He's either thinking about cheating on you or is already cheating. And make no mistake about it, it doesn't matter why he says this, it's cheating. I suspect he's already got his affair partner picked out if he's not already cheating.

It may be premature but I think you should pm a moderator to move this thread to CWI.

In the meantime follow weightlifters instructions for investigating.


----------



## ne9907 (Jul 17, 2013)

Gosh I am so sorry you have to go through this. I too went through a similar situation with my ex except that I was never able to get pregnant. I am so sorry. It's true about the mental anguish and pain. I wish you all the luck in the world


----------



## Eagle3 (Dec 4, 2013)

OP, has your husband ever brought this up in the past about his desire to look elsewhere for having a child? I ask because if this is only recent do you think it’s possible he is wanting to give a reason to step out without possible repercussions or wanting to get out of the marriage in general and this is easier for him to express that thought?

If not this is pretty bad for him to act like this to you. He has to know this is a very sensitive topic for couples and could be hurtful to you. How is he with you on the rest of your marriage? Does this seem out of the ordinary. 

My wife had a child as a young teenager which caused a complicated birth that has made us having a child difficult. In fact it’s to the point where it won’t happen. But that is life and you have to accept the hand you are dealt. Now will I ever wonder what it would be like to have a child together? Of course but those are thoughts I will keep to myself. I made a choice to marry my wife to be with her not for her to be a baby maker. 

Keep talking with him and see if there is anything he wants to get out in the open with you.


----------



## SlowlyGoingCrazy (Jun 2, 2011)

I'm confused about how he would go about raising this other baby. Would he leave you to be with her so they can parent together? Have every other weekend visits? 
What are his thoughts on adoption or fostering?


----------



## committed4ever (Nov 13, 2012)

Microwavelove said:


> He committed to you. If you had found out through your trying that he was the source of the infertility, would it then be okay for you to sleep with another man in order to get pregnant?


OP, you should really ask him this. Ask him and don't let him get away without answering. If he says he wouldn't mind, well then that tells you where your relationship stand.

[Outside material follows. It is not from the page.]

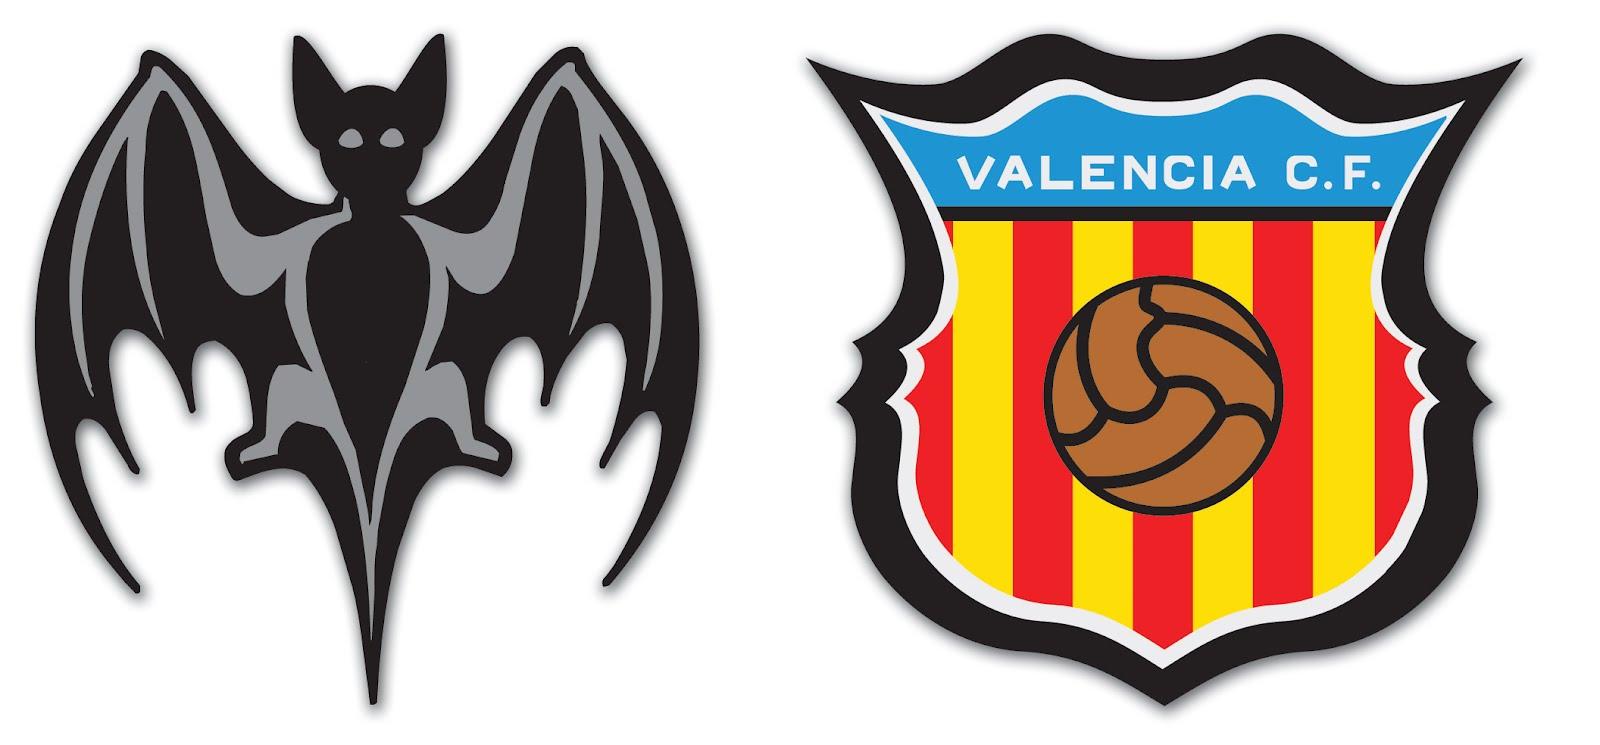 Valencia CF Symbol wallpapers HD
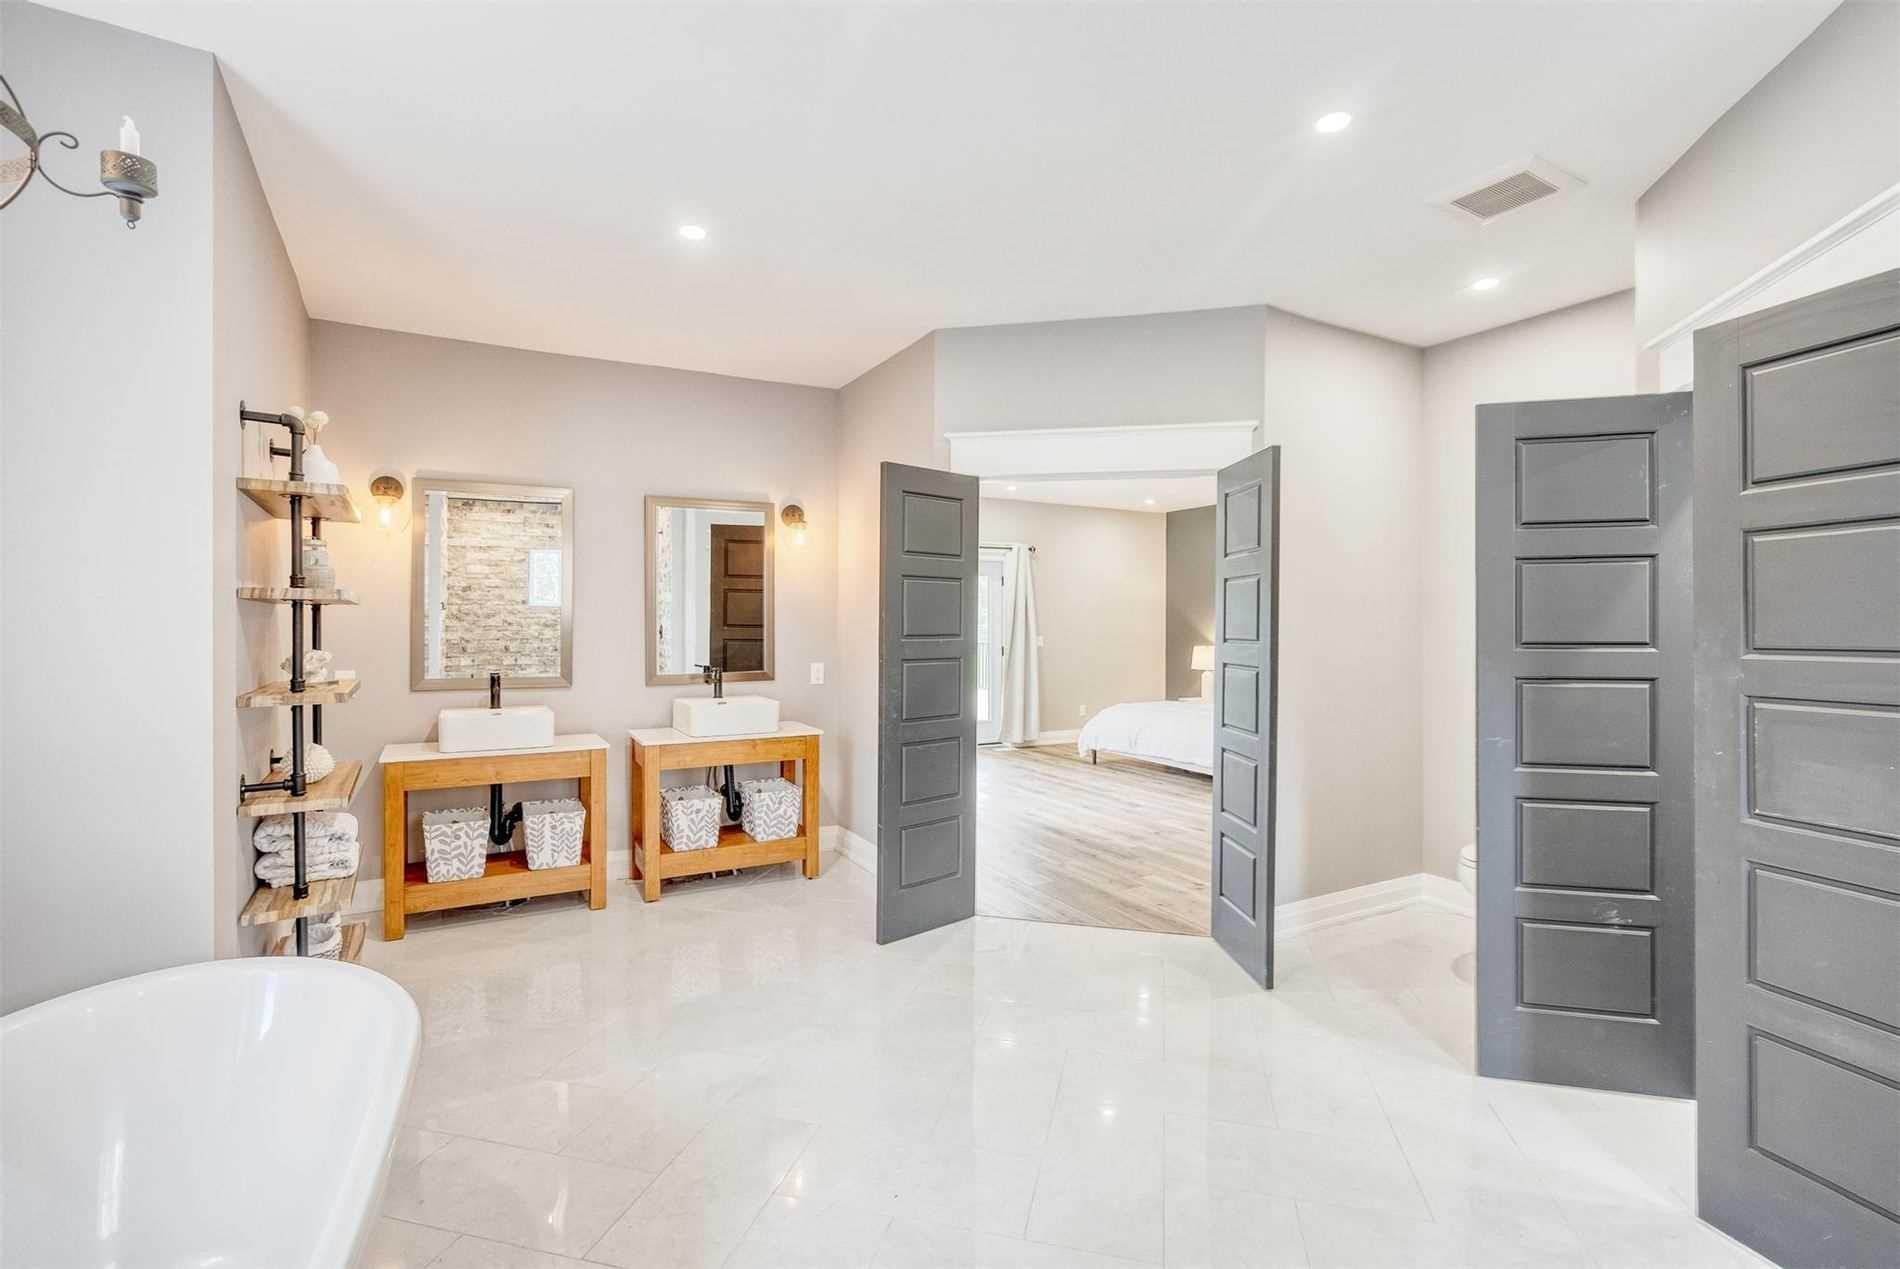 772 Bowmanton Rd, Hamilton Township, Ontario K0K1C0, 4 Bedrooms Bedrooms, 16 Rooms Rooms,4 BathroomsBathrooms,Detached,For Sale,Bowmanton,X5324381

I wouldn't be surprised if he already has somebody pregnant and is setting the stage. But you will know soon enough.


----------



## Hope1964 (Sep 26, 2011)

committed4ever said:


> I wouldn't be surprised if he already has somebody pregnant and is setting the stage. But you will know soon enough.


:iagree:

I know none of this is what you want to hear. Please don't ignore what we're saying because of that. You can't just ignore it - it won't go away. You can pretend he isn't talking about cheating if you like, but all that will do is ensure your future unhappiness.


----------